From here, you can resume from the Performing Analysis section in the original tutorial below. However, you will find that the datacube query is unable to obtain any data from the Sentinel 2 dataset (s2_l2a). The reason is not yet evident, and further work is required to determine if the query is too restrictive, if the dataset no longer contains this data, or if the syntax needs to change.

Original Tutorial

Introduction to Open Data Cube

In this tutorial the main software framework used is called Open Data Cube (ODC), and its primary function is to make geospatial data management and performing analysis with large amounts of satellite data easier. It offers a complete system for ingesting, managing, and analyzing a wide variety of gridded data through a combination of many python libraries and a PostgreSQL database. It is extremely flexible in that it offers several cloud and local deployment options, can work with multispectral imagery to elevation models and interpolated surfaces and a multitude of ways to interface with the software. This tutorial will be using Jupyter Notebooks to work with ODC, but a web GUI is also available. A great way to think about ODC is like your own personal, open-source Google Earth Engine. However, unlike Google Earth Engine you are in control over the geospatial data and code you create. If you would like to learn more about the ODC framework you can check out the official website here.

Installation Instructions

At first the installation and configuration process for ODC can appear daunting and complex with several dependencies and a long configuration procedure. It is possible to use ODC on Windows, Linux, or macOS, however I find it has the most support and is easiest on Ubuntu. To greatly simplify the installation process ODC has created something called “Cube in a Box”. This is an easy-to-use Docker image that will provide us with a pre-configured reference installation of ODC. Docker uses containerization to package software into units that can be run on most computing environments. More information about Docker and containers can be found here.

Installing Docker

The first step in the installation process will be to install docker. This tutorial is designed for Ubuntu 20.04 but will likely work on other Linux versions. (Update: on Ubuntu 18.04, try sudo apt install docker docker-compose

To install docker run the following command in a new terminal window:

sudo apt-get install docker-compose

And select yes to install any dependencies.

Downloading ODC and Helper Scripts

In this section the Open Data Cube "Cube in a Box" docker configuration will be downloaded from GitHub. Feel free to use the "wget" or "git clone" commands to simplify this process if you undertand how.

Go to: and download the all the code using the "Download ZIP" button shown in figure one.

Unzip these files to a desired location in Ubuntu. I chose the downloads folder. This tutorial takes advantage of a number of helper scripts and a code example from Digital Earth Africa.

Go to: And using the previous download instructions grab the all the code, and extract the .zip file onto your machine.

Next, move the Scripts folder from the Digital Earth Africa folder into the previously-downloaded cube-in-a-box directory's notebooks folder For me I placed Scripts inside /home/admind/Downloads/cube-in-a-box-master/notebooks. Then place the Burnt_area_mapping.ipynb file from the Real_world_examples folder inside deafrica-sandbox-notebooks to the same location as before.
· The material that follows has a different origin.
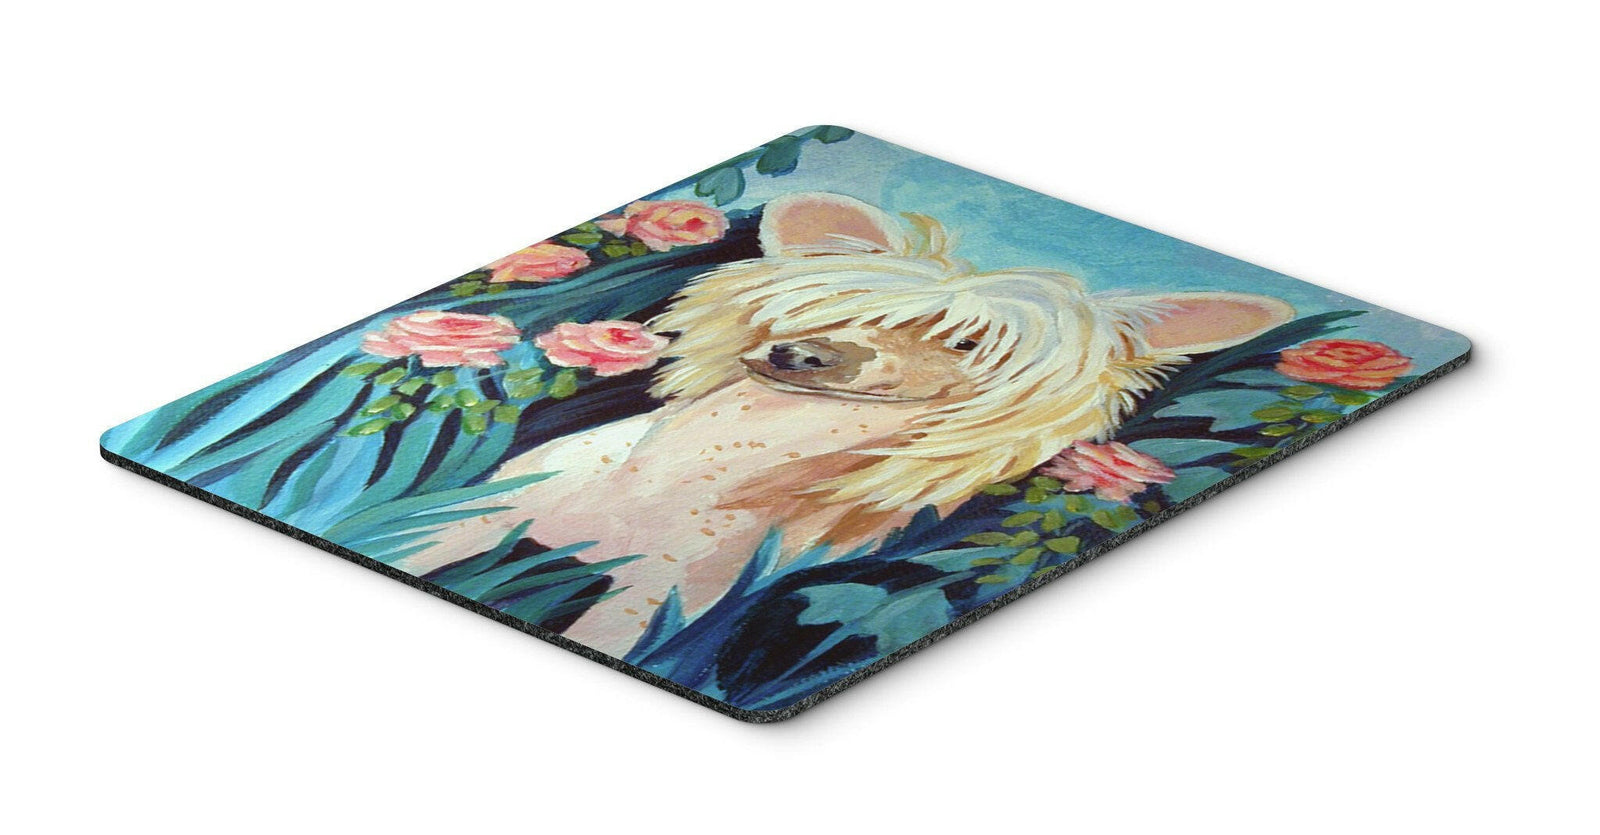 Chinese Crested Mouse Pad, Hot Pad or Trivet by Caroline's Treasures

This would be /home/admind/Downloads/cube-in-a-box-master/notebooks for me.

The last file is called and can be found at: Place this file inside the Scripts folder you just moved. For me this is now /home/admind/Downloads/cube-in-a-box-master/notebooks/Scripts.

At the end your "cube-in-a-box-master/notebooks" folder should look like Figure 2, with 13 python files in the Scripts folder and 3 .ipynb files in the Notebooks folder.

Configuring Cube in a Box

The last step of the installation process is to open terminal from the cube-in-a-box-master folder.

This can be done by right clicking anywhere in the cube-in-a-box-master folder and selecting open in terminal.

After this has been done enter the following command into the terminal window: sudo docker-compose up Then after that has completed leave that window open to run and open another terminal with the above process so two terminal windows are open.

In this new terminal enter: sudo docker-compose exec jupyter datacube -v system init Then: sudo docker-compose exec jupyter datacube product add And finally to make sure it works try: sudo docker-compose exec jupyter bash -c "stac-to-dc --bbox='25,20,35,30' --collections='sentinel-s2-l2a-cogs' --datetime='2020-01-01/2020-03-31' s2_l2a"

If everything has ran without error messages in the first terminal window with Docker running open an internet browser and go to "localhost".

That is it! You are now ready to move on to the analysis section.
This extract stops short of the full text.